* Task statement
Copy exactly the stretch of lines from the one holding "GreenCity immobilier - Thyez" through the last line of the data below, inclusive. Leave out pictures.

* Supplied information
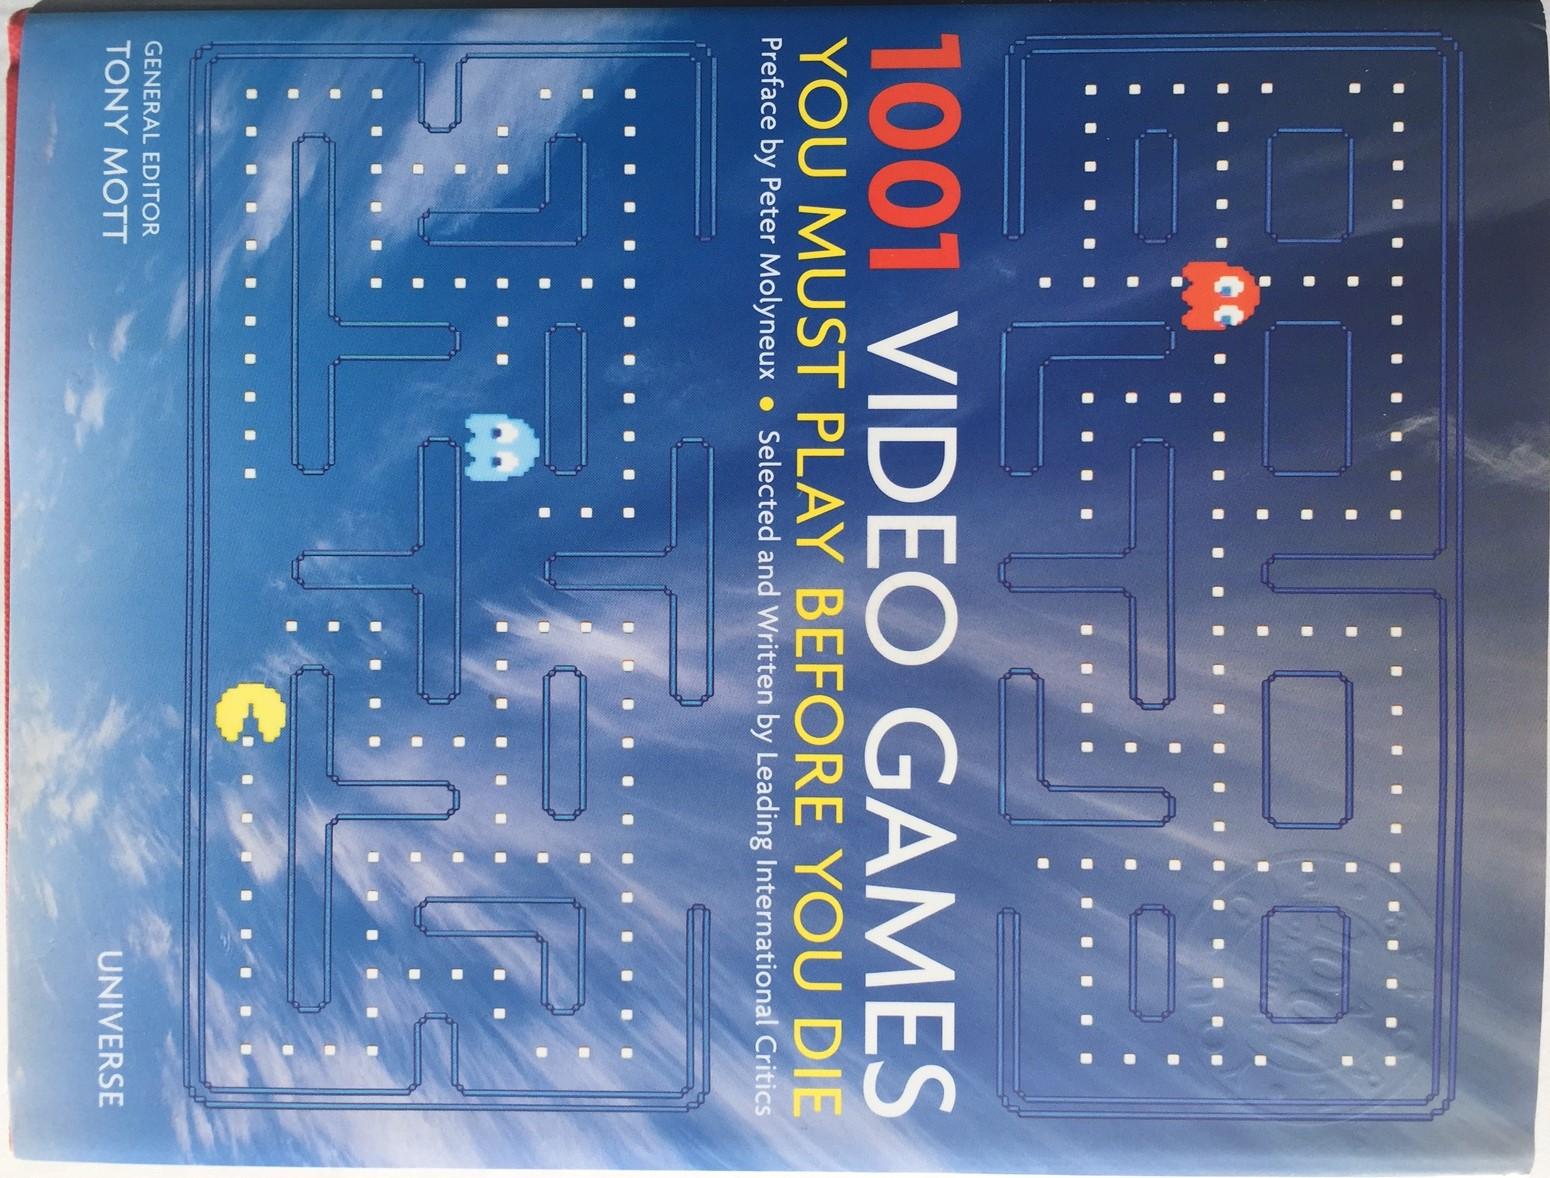 1001 Games To Play Before You Die List bonus material: 1001 video games you must play before you die
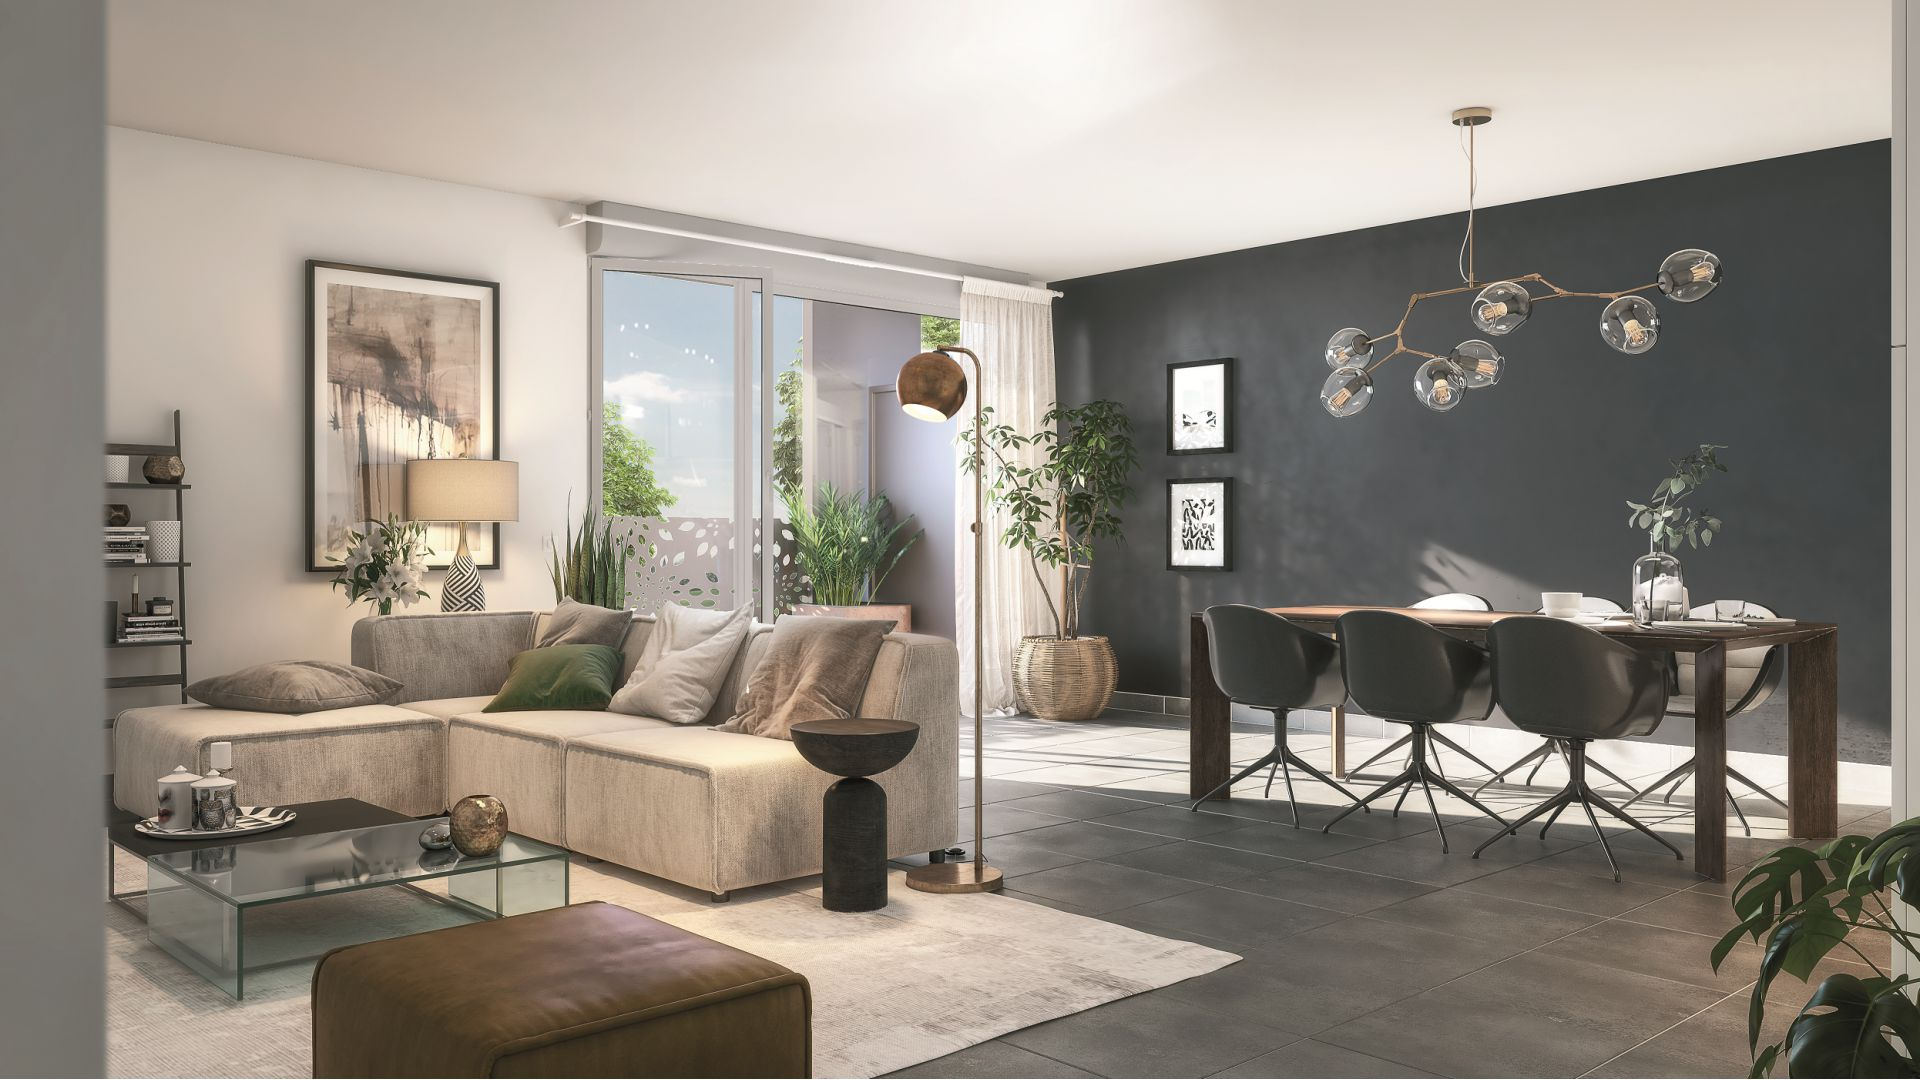 GreenCity immobilier - Thyez - 74300 - proche Genève - Résidence Le Jardin D'Aubeline - Appartements neuf du T1 au T3 - vue intérieure
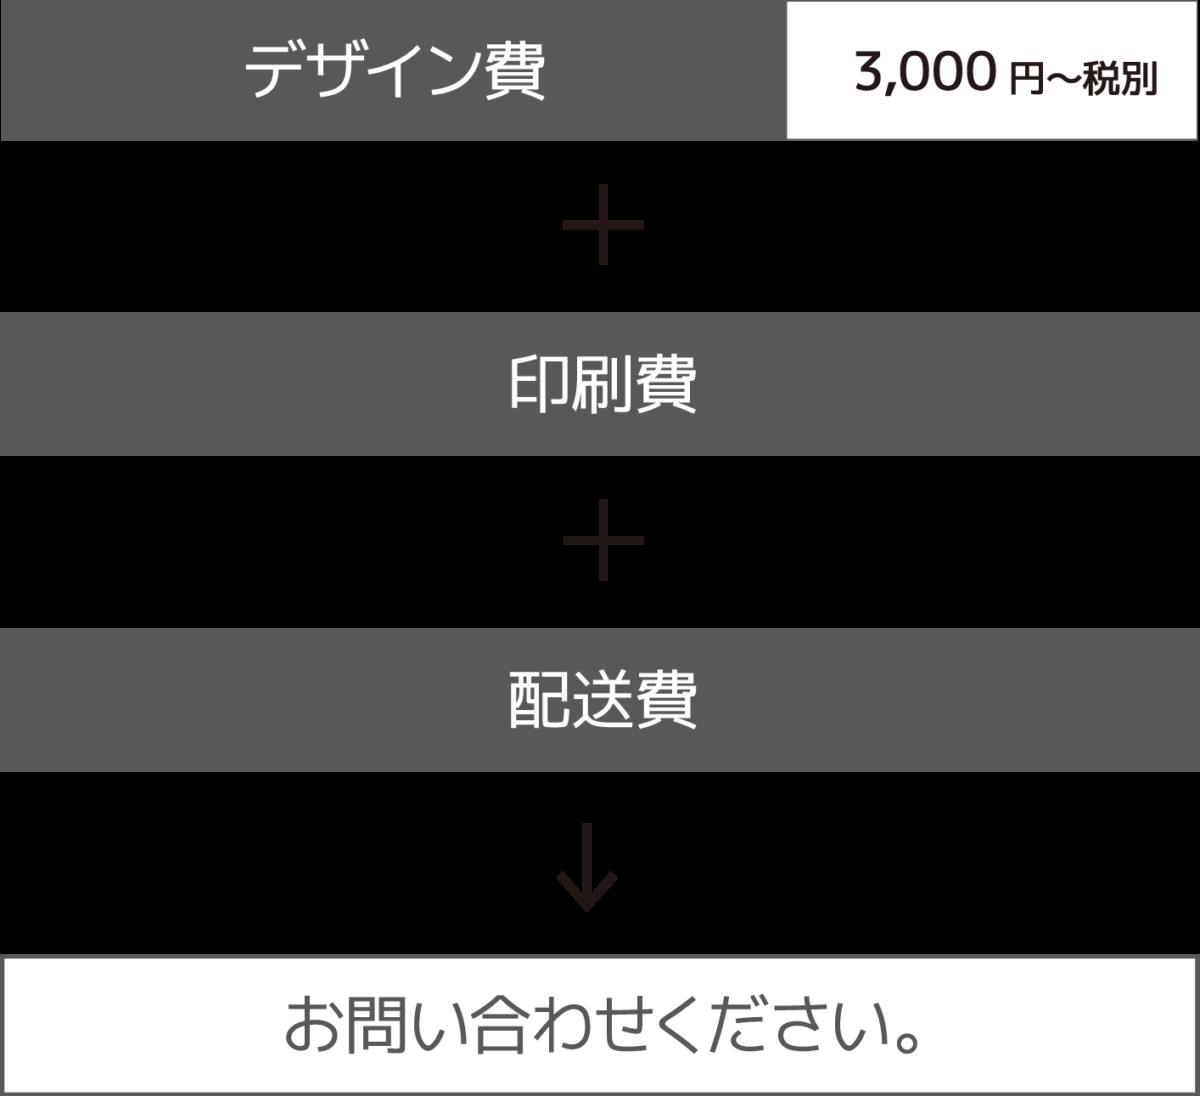 デザイン費3,000円〜税別 + 印刷費 + 配送費 → お問い合わせください。

* Finished exercise
 GreenCity immobilier - Thyez - 74300 - proche Genève - Résidence Le Jardin D'Aubeline - Appartements neuf du T1 au T3 - vue intérieure
 デザイン費3,000円〜税別 + 印刷費 + 配送費 → お問い合わせください。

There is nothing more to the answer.